» **What the task requires**
Transcribe the listing below from its opening line up to and including the line that contains "Sunjoy L-BC153PST 60"; reproduce nothing else.
---*---
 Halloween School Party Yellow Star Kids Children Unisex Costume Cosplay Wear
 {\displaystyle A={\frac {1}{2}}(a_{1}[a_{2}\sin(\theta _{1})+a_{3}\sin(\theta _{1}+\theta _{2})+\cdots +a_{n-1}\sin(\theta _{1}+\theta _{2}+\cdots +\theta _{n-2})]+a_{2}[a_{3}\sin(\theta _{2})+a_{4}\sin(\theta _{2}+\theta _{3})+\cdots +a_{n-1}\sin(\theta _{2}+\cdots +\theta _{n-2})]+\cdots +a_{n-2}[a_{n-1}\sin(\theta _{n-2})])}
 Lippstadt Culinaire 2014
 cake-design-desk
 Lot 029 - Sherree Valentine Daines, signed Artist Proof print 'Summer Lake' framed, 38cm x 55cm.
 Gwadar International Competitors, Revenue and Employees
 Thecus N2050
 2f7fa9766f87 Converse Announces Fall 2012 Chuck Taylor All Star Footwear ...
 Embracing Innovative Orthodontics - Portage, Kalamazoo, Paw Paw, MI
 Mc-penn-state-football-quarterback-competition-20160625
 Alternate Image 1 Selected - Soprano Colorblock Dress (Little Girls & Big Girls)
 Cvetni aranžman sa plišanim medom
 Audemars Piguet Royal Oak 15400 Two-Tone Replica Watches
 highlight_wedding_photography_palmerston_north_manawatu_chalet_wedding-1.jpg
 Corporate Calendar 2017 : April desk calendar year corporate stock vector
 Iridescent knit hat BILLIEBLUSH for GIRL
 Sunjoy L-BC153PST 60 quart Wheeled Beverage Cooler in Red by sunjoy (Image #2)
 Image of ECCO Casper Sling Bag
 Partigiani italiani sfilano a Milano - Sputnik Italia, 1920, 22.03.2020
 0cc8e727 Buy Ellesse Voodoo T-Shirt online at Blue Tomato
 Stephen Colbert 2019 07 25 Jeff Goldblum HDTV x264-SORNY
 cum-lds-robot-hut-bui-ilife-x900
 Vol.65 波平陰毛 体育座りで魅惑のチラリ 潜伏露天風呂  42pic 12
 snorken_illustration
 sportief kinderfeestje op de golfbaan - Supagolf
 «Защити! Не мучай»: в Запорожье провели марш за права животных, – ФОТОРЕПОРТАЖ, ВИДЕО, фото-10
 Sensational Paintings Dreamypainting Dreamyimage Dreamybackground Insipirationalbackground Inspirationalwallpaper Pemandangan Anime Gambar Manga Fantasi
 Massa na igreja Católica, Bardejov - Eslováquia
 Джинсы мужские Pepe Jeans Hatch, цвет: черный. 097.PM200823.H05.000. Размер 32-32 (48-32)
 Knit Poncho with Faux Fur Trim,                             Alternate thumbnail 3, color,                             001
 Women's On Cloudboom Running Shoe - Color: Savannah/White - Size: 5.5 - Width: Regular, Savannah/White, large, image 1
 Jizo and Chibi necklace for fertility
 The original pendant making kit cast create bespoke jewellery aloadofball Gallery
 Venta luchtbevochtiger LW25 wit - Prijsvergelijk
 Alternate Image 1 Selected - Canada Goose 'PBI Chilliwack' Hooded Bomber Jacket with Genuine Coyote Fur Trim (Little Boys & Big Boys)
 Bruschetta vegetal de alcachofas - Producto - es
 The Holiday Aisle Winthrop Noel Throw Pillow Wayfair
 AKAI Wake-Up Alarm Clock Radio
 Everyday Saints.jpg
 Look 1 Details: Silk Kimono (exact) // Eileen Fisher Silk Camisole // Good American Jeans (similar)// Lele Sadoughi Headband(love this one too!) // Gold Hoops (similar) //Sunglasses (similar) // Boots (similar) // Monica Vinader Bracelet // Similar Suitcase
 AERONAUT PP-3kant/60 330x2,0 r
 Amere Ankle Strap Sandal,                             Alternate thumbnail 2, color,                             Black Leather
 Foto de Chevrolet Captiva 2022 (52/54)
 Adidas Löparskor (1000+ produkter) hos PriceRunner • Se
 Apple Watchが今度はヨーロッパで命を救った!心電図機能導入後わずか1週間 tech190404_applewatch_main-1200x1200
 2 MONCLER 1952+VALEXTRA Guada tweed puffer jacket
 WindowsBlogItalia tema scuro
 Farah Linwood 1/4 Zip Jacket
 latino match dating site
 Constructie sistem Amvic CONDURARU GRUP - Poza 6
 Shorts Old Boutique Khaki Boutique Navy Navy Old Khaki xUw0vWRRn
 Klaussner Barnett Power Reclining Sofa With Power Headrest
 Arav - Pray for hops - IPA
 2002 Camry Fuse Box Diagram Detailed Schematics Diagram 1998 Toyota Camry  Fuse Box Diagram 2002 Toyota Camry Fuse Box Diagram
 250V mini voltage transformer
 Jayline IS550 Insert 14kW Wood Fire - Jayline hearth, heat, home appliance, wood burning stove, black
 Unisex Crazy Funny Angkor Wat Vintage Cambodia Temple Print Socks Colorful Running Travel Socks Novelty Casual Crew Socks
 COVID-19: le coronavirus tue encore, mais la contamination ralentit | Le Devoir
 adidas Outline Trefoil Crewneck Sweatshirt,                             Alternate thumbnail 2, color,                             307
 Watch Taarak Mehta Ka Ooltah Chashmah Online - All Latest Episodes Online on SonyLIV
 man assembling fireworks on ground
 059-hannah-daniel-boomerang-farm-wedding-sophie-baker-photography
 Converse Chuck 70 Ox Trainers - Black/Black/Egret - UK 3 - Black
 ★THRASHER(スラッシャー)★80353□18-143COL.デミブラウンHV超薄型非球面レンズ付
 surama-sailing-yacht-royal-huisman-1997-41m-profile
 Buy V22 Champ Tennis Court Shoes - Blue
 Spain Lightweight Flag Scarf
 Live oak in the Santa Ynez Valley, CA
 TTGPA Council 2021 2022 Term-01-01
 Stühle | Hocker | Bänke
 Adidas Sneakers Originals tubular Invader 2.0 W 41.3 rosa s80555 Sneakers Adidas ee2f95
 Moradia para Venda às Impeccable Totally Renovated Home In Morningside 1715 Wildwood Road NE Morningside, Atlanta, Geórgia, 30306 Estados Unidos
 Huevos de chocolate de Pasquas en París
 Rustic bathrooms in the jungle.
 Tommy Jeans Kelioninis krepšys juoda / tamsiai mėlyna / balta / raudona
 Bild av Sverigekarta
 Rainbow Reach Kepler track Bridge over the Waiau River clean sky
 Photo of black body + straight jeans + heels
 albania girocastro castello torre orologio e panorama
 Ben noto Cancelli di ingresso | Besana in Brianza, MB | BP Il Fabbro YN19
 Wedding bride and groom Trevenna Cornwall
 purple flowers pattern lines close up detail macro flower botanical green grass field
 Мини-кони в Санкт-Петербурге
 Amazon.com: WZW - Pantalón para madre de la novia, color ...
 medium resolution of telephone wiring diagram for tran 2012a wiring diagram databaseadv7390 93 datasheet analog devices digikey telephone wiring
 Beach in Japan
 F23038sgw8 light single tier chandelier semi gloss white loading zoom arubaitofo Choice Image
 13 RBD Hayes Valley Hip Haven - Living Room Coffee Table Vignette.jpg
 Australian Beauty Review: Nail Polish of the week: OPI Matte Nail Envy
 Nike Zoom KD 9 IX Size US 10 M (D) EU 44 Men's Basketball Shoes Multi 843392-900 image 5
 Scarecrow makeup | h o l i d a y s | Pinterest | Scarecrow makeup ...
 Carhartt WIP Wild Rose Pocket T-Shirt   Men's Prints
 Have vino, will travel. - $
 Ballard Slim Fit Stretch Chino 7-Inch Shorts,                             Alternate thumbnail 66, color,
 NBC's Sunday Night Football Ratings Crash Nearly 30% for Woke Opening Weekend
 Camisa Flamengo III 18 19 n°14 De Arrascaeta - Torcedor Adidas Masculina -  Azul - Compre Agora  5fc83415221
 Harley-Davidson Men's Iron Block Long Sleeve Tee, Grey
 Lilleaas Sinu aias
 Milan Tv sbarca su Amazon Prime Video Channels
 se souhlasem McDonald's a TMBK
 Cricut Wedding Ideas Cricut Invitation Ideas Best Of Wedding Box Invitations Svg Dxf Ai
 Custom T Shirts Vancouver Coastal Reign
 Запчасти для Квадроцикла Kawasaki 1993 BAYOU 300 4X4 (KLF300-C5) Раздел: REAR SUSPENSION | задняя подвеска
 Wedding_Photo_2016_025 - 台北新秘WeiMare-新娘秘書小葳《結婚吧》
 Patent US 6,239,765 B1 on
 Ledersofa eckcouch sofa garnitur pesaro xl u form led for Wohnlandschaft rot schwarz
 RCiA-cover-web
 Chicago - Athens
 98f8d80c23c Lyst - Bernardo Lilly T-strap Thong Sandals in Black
---*---
» **Answer section**
 Halloween School Party Yellow Star Kids Children Unisex Costume Cosplay Wear
 {\displaystyle A={\frac {1}{2}}(a_{1}[a_{2}\sin(\theta _{1})+a_{3}\sin(\theta _{1}+\theta _{2})+\cdots +a_{n-1}\sin(\theta _{1}+\theta _{2}+\cdots +\theta _{n-2})]+a_{2}[a_{3}\sin(\theta _{2})+a_{4}\sin(\theta _{2}+\theta _{3})+\cdots +a_{n-1}\sin(\theta _{2}+\cdots +\theta _{n-2})]+\cdots +a_{n-2}[a_{n-1}\sin(\theta _{n-2})])}
 Lippstadt Culinaire 2014
 cake-design-desk
 Lot 029 - Sherree Valentine Daines, signed Artist Proof print 'Summer Lake' framed, 38cm x 55cm.
 Gwadar International Competitors, Revenue and Employees
 Thecus N2050
 2f7fa9766f87 Converse Announces Fall 2012 Chuck Taylor All Star Footwear ...
 Embracing Innovative Orthodontics - Portage, Kalamazoo, Paw Paw, MI
 Mc-penn-state-football-quarterback-competition-20160625
 Alternate Image 1 Selected - Soprano Colorblock Dress (Little Girls & Big Girls)
 Cvetni aranžman sa plišanim medom
 Audemars Piguet Royal Oak 15400 Two-Tone Replica Watches
 highlight_wedding_photography_palmerston_north_manawatu_chalet_wedding-1.jpg
 Corporate Calendar 2017 : April desk calendar year corporate stock vector
 Iridescent knit hat BILLIEBLUSH for GIRL
 Sunjoy L-BC153PST 60 quart Wheeled Beverage Cooler in Red by sunjoy (Image #2)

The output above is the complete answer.